Hybrid networks, i.e., networks that leverage different means of communication, become ever more widespread. To allow theoretical study of such networks, [Augustine et al., SODA'20] introduced the $\mathsf{HYBRID}$ model, which is based on the concept of synchronous message passing and uses two fundamentally different principles of communication: a local mode, which allows every node to exchange one message per round with each neighbor in a local communication graph; and a global mode where any pair of nodes can exchange messages, but only few such exchanges can take place per round. A sizable portion of the previous research for the $\mathsf{HYBRID}$ model revolves around basic communication primitives and computing distances or shortest paths in networks. In this paper, we extend this study to a related fundamental problem of computing compact routing schemes for near-shortest paths in the local communication graph. We demonstrate that, for the case where the local communication graph is a unit-disc graph with $n$ nodes that is realized in the plane and has no radio holes, we can deterministically compute a routing scheme that has constant stretch and uses labels and local routing tables of size $O(\log n)$ bits in only $O(\log n)$ rounds.

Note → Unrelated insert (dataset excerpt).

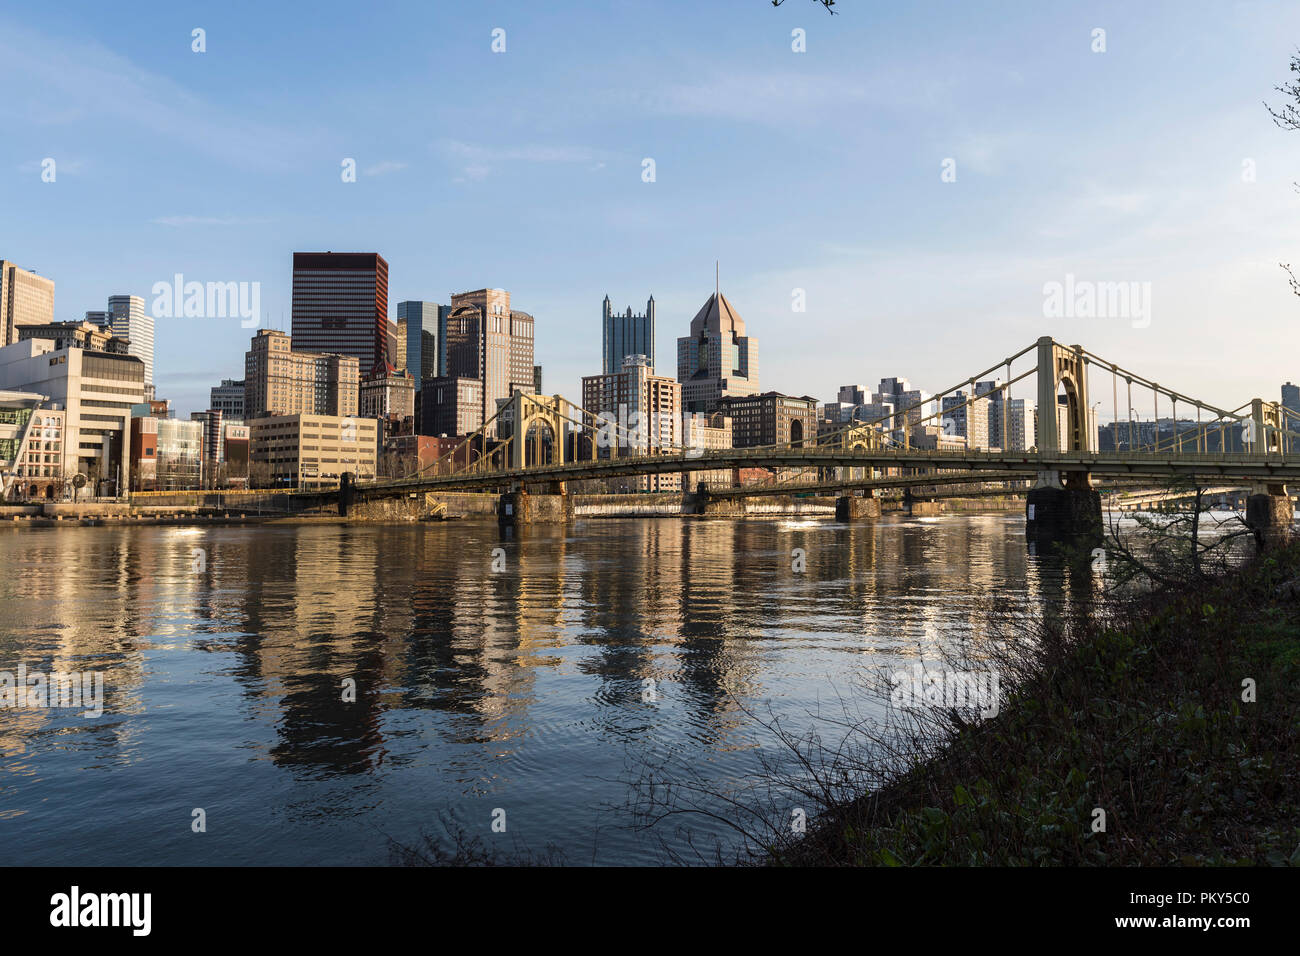 Downtown River Waterfront und Brücken der Allegheny River Crossing in Pittsburgh, Pennsylvania. Stockfoto
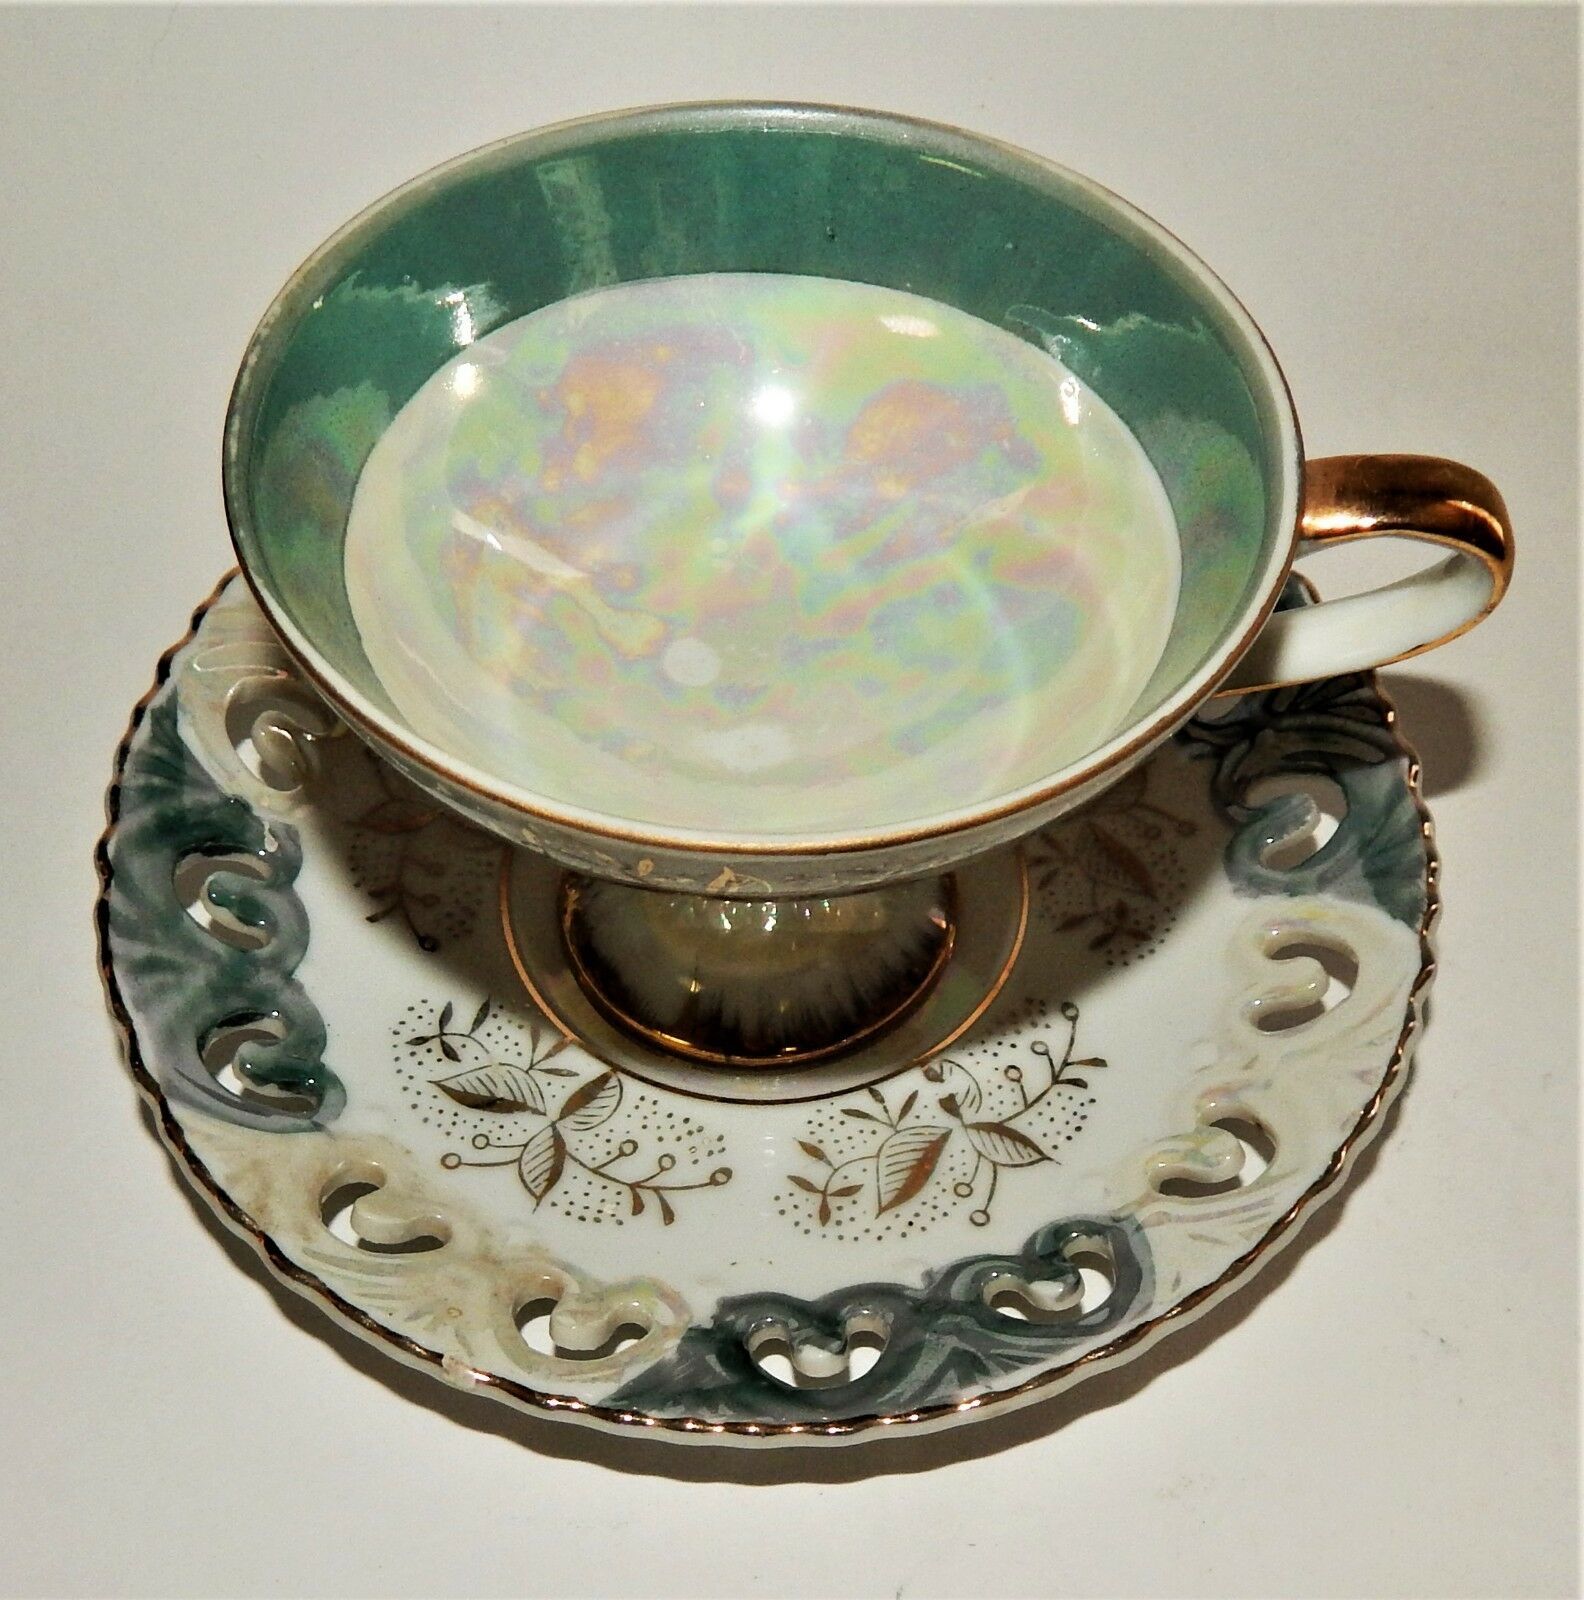 Vintage Teacup Japanese Teacup Lefton Tea Cup Turquoise Teacup Antique Teacup Hand Painted Lefton Teacup Aqua Gold Teacup

翻译：利用不同通信手段的混合网络,即利用不同通信手段的网络,越来越普遍。为了允许对这些网络进行理论研究,[Augustine 等人, SODA'20] 引入了美元模型,该模型以同步传递信息的概念为基础,并使用两种根本不同的通信原则:一种本地模式,允许每个节点在本地通信图中与每个邻居每圆交换一条信息;一种全球模式,任何对节点都可以交换信息,但这种交换每轮只能进行。以前对美元和美元进行的一项研究中的一部分是围绕基本通信原始和计算距离或网络中最短路径进行的。在本文中,我们将这项研究扩大到一个相关的根本问题,即为本地通信图中的近距离路径计算紧凑的紧凑路线计划。我们证明,对于本地通信图是单位-偏差图,只有美元节点才能进行这种交流。对于飞机上实现的无射线洞,我们只能用美元对美元进行固定的路径图表进行固定式的固定式拼凑。